Second, the civil justice system seems to be working well enough without allowing parties to use data retained under the regime. Plenty of data and documents are and will continue to be available for parties in civil cases – the prohibition does not cover all data. Nonetheless, it is easy to see how owners of copyright might engaging in conduct that looks a lot like fishing expeditions to telcos to get the data of the person who downloaded the latest Game of Thrones so they can send a threatening letter. Copyright holders already have plenty of ways to enforce their rights, but they don’t use them. There just isn’t good grounds to say that access to data retained under the regime will improve the civil justice system.
In short, the impact of a prohibition on access on the civil justice system will always be difficult to predict, but the impact on privacy is clear. (It’s bad.)

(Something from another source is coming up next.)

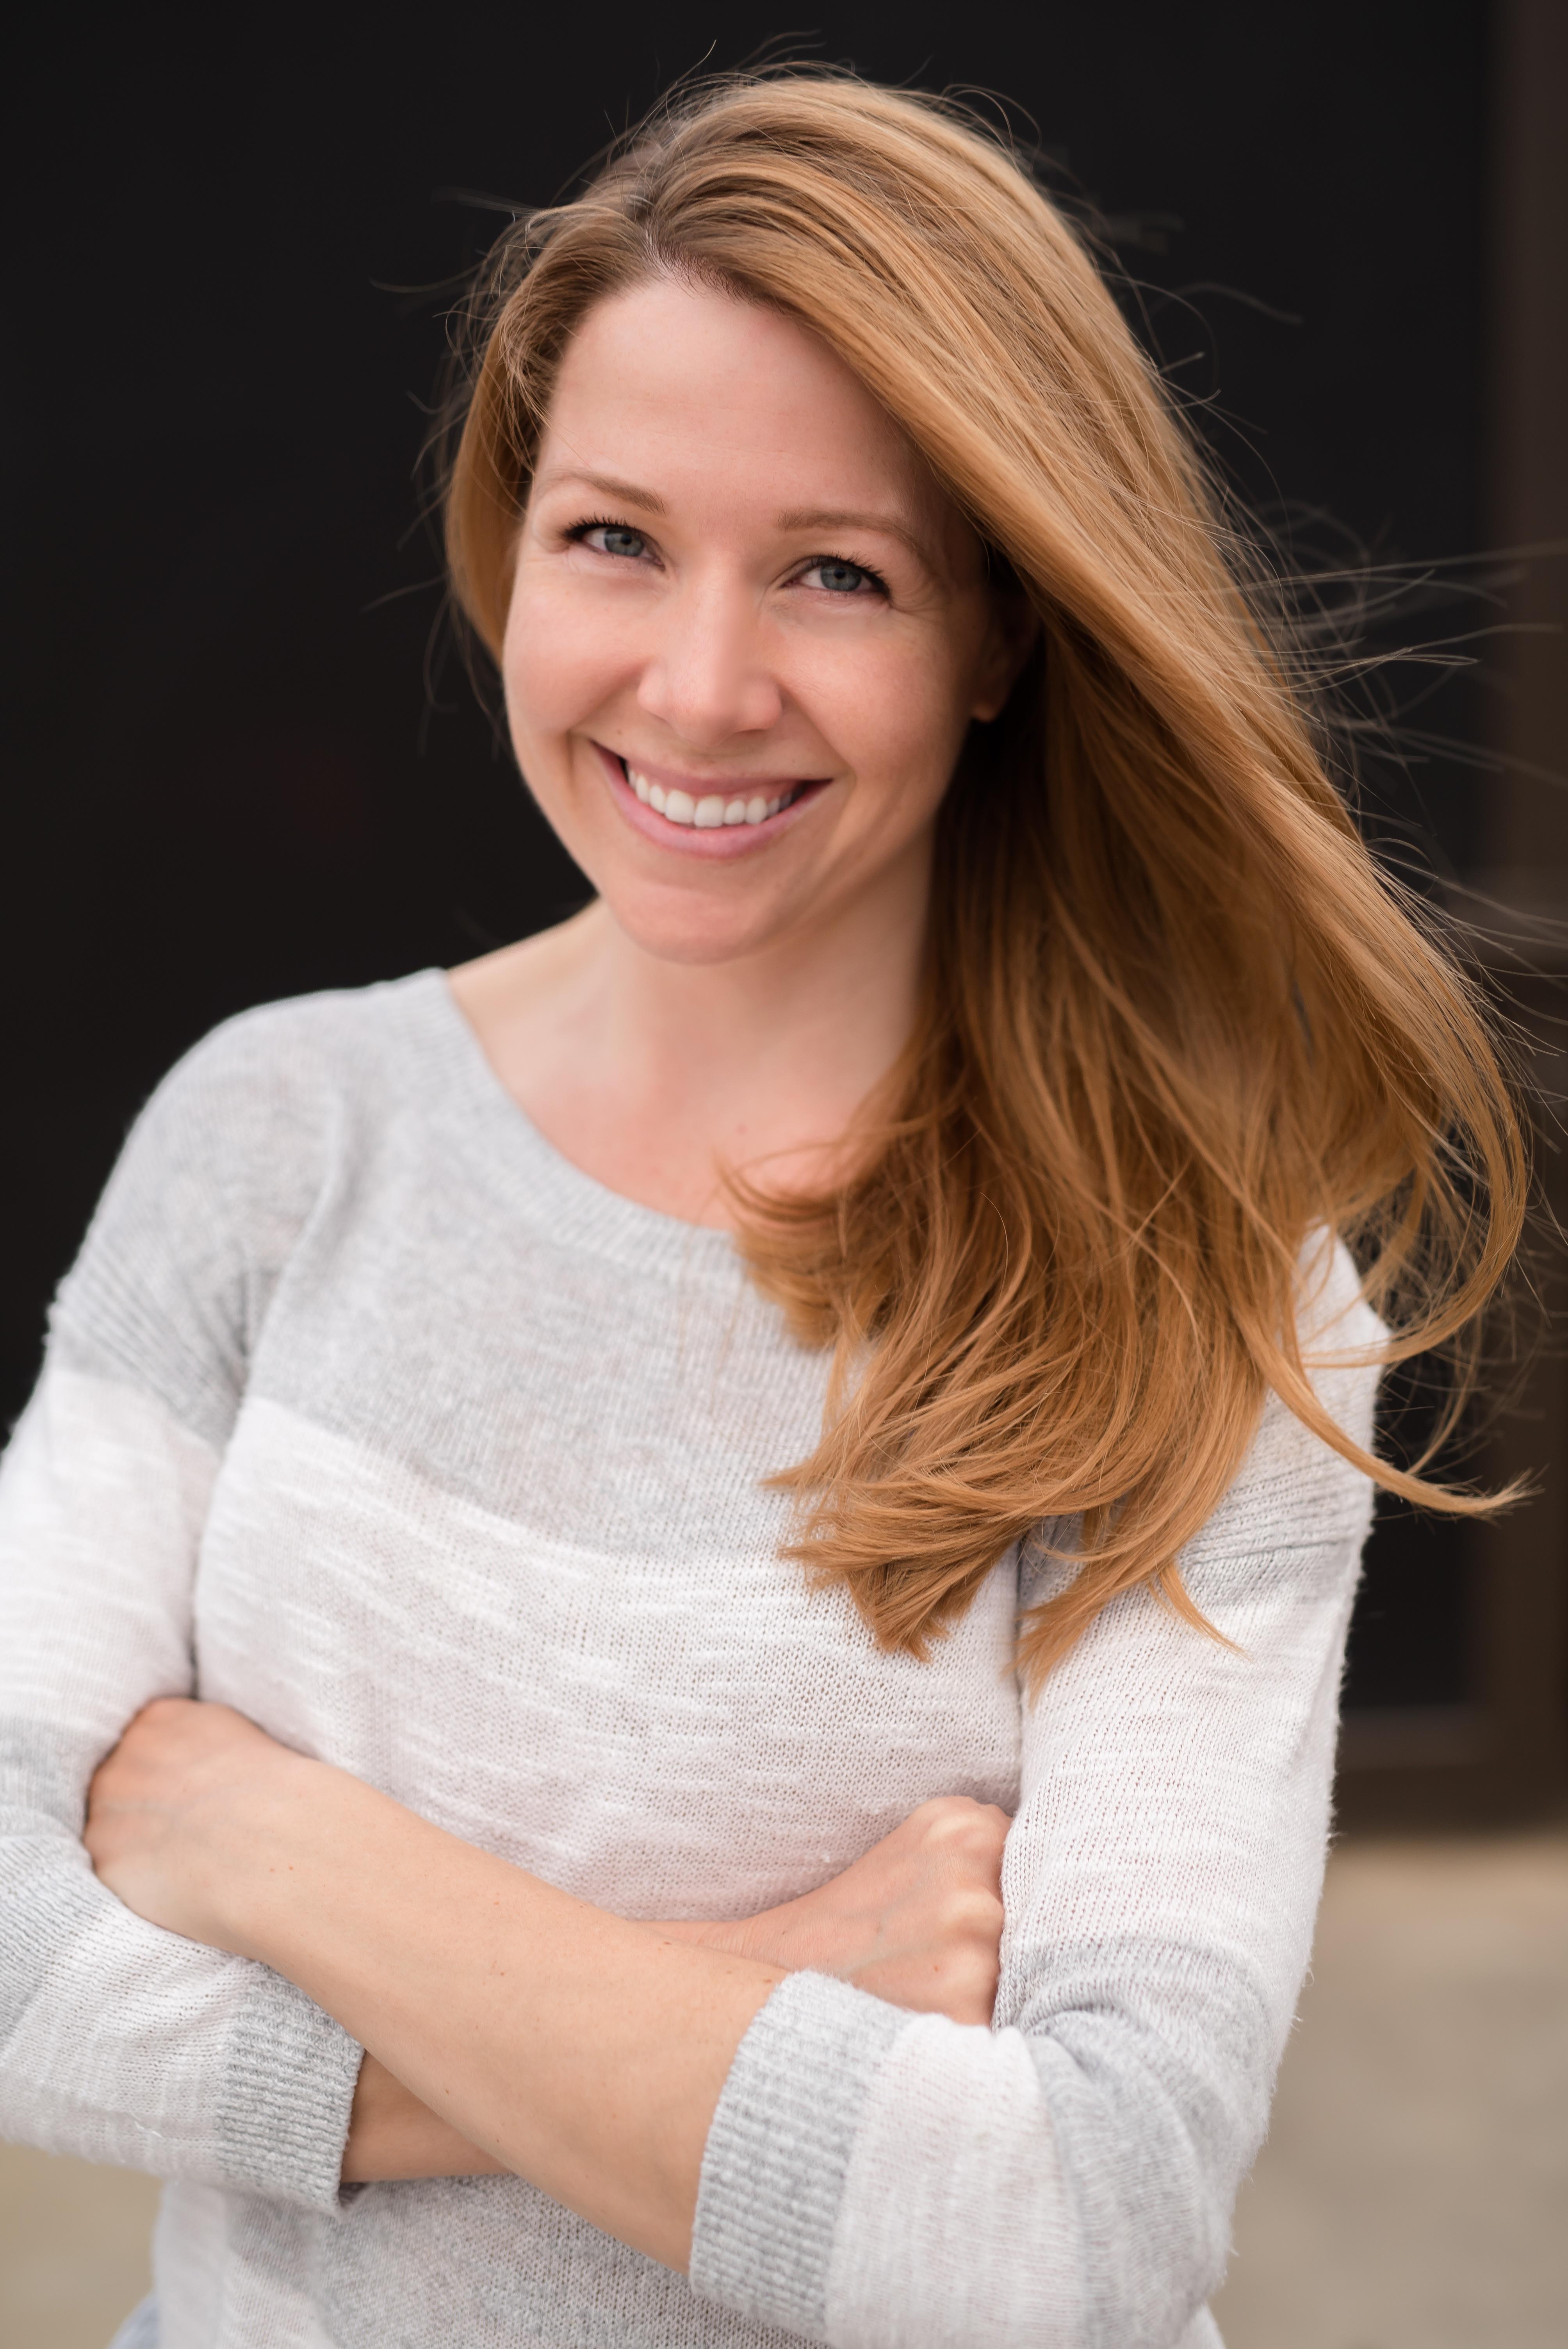 Lisa Pinnell
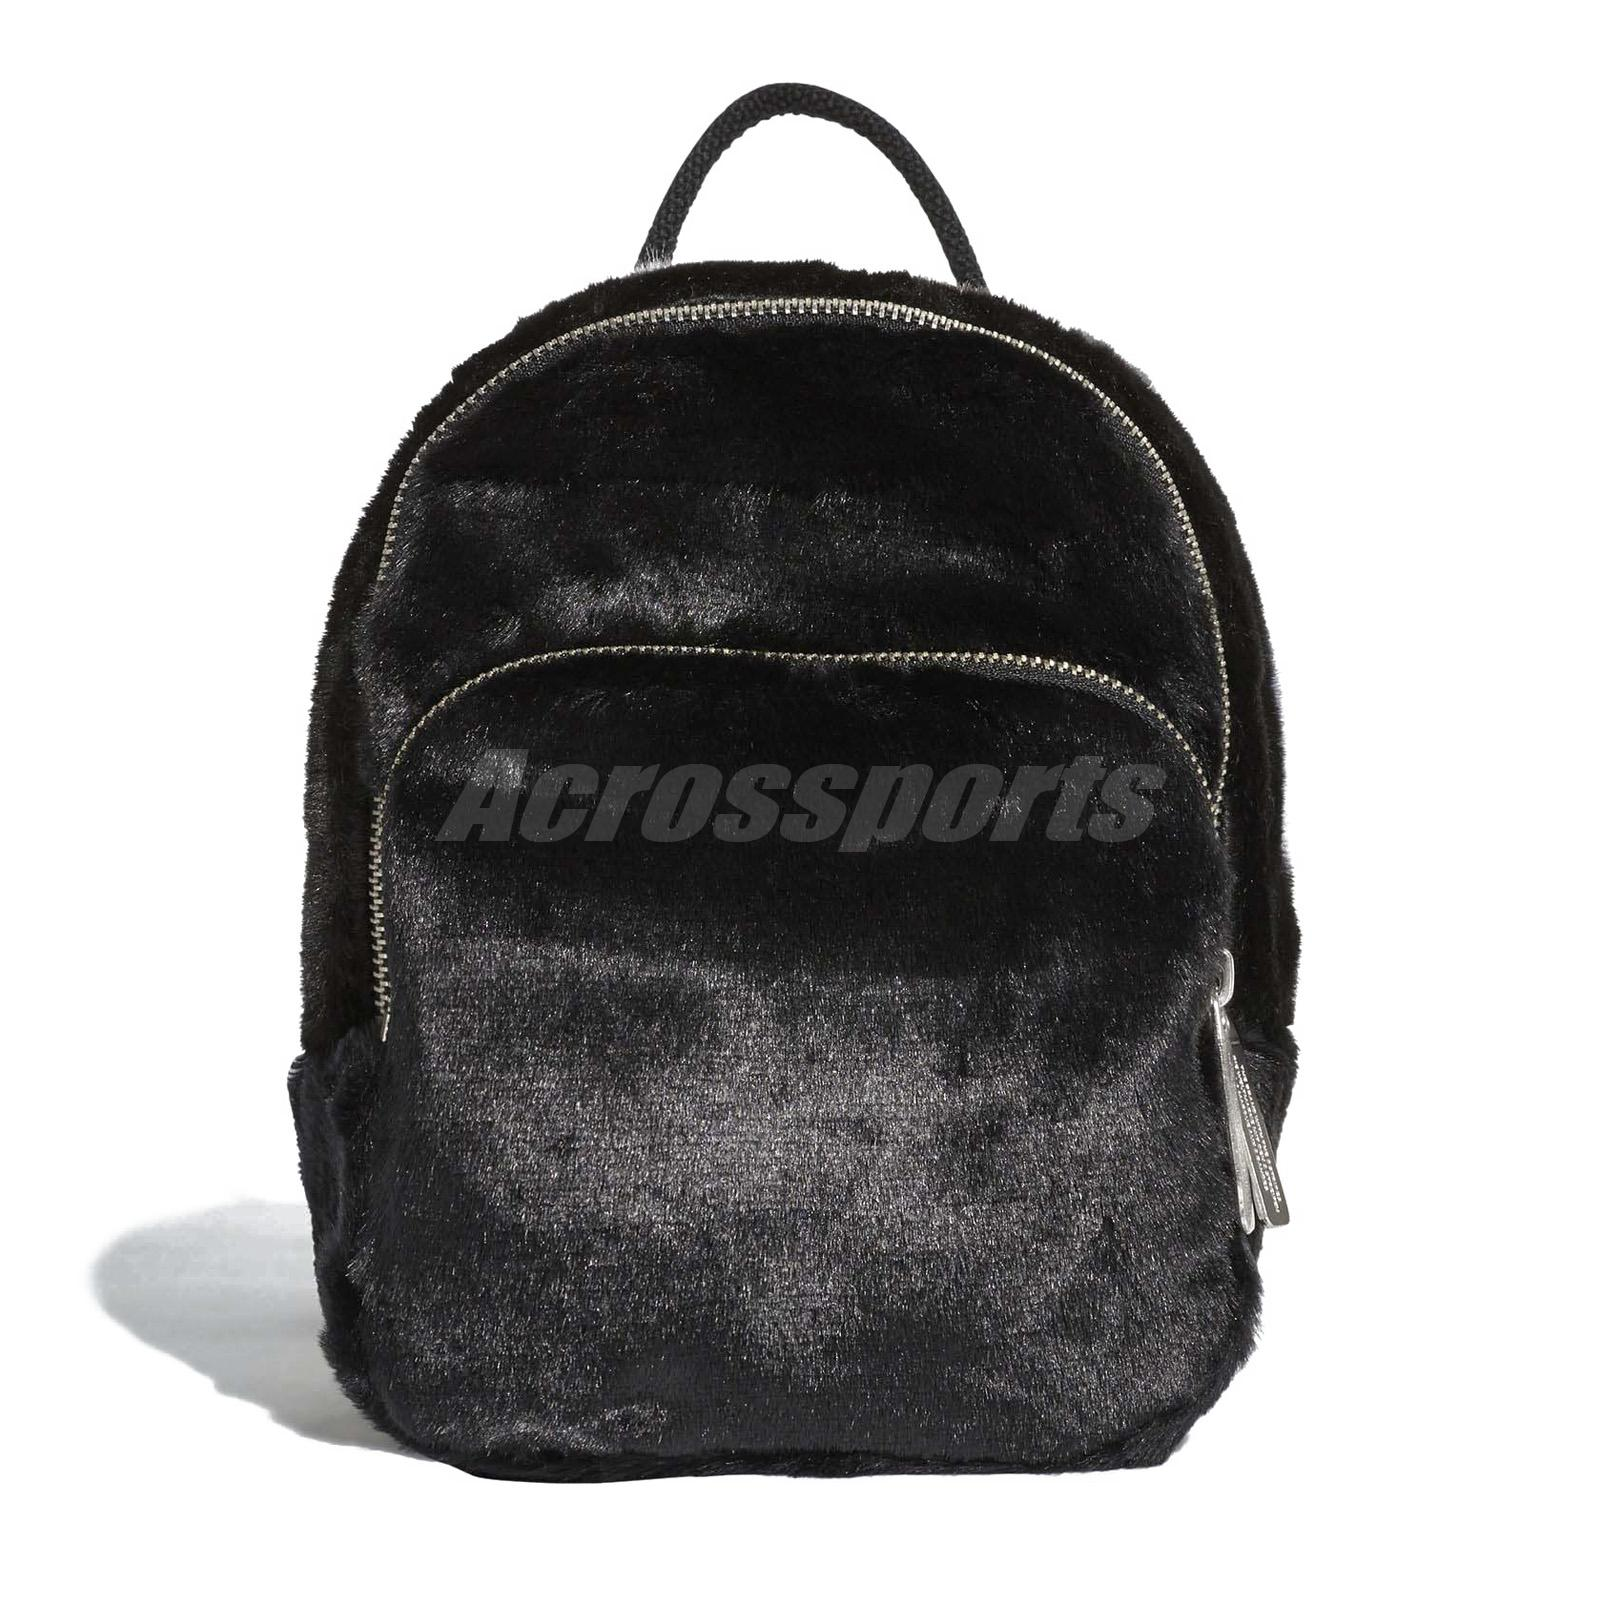 005544543255 adidas Originals Mini Classic Backpack Plush Faux Fur Bag Women Gym Black  DH4372

Ultimately, discussions about data retained for the purpose of this regime should be conducted using a human rights lens. To put it another way: people have a right to privacy, and this is not automatically trumped by the needs of government. According to international human rights law, any data retention regime must be both necessary to address a legitimate goal and be a proportionate means to achieving that goal. I have grave doubts about whether the very existence of a data retention scheme can be compatible with freedom of expression and privacy rights. Looking around the world, various courts and decision makers have rejected the idea that bulk data retention can ever be necessary or proportionate. As such, any proposed exceptions to the prohibition looks unjustifiable from this perspective.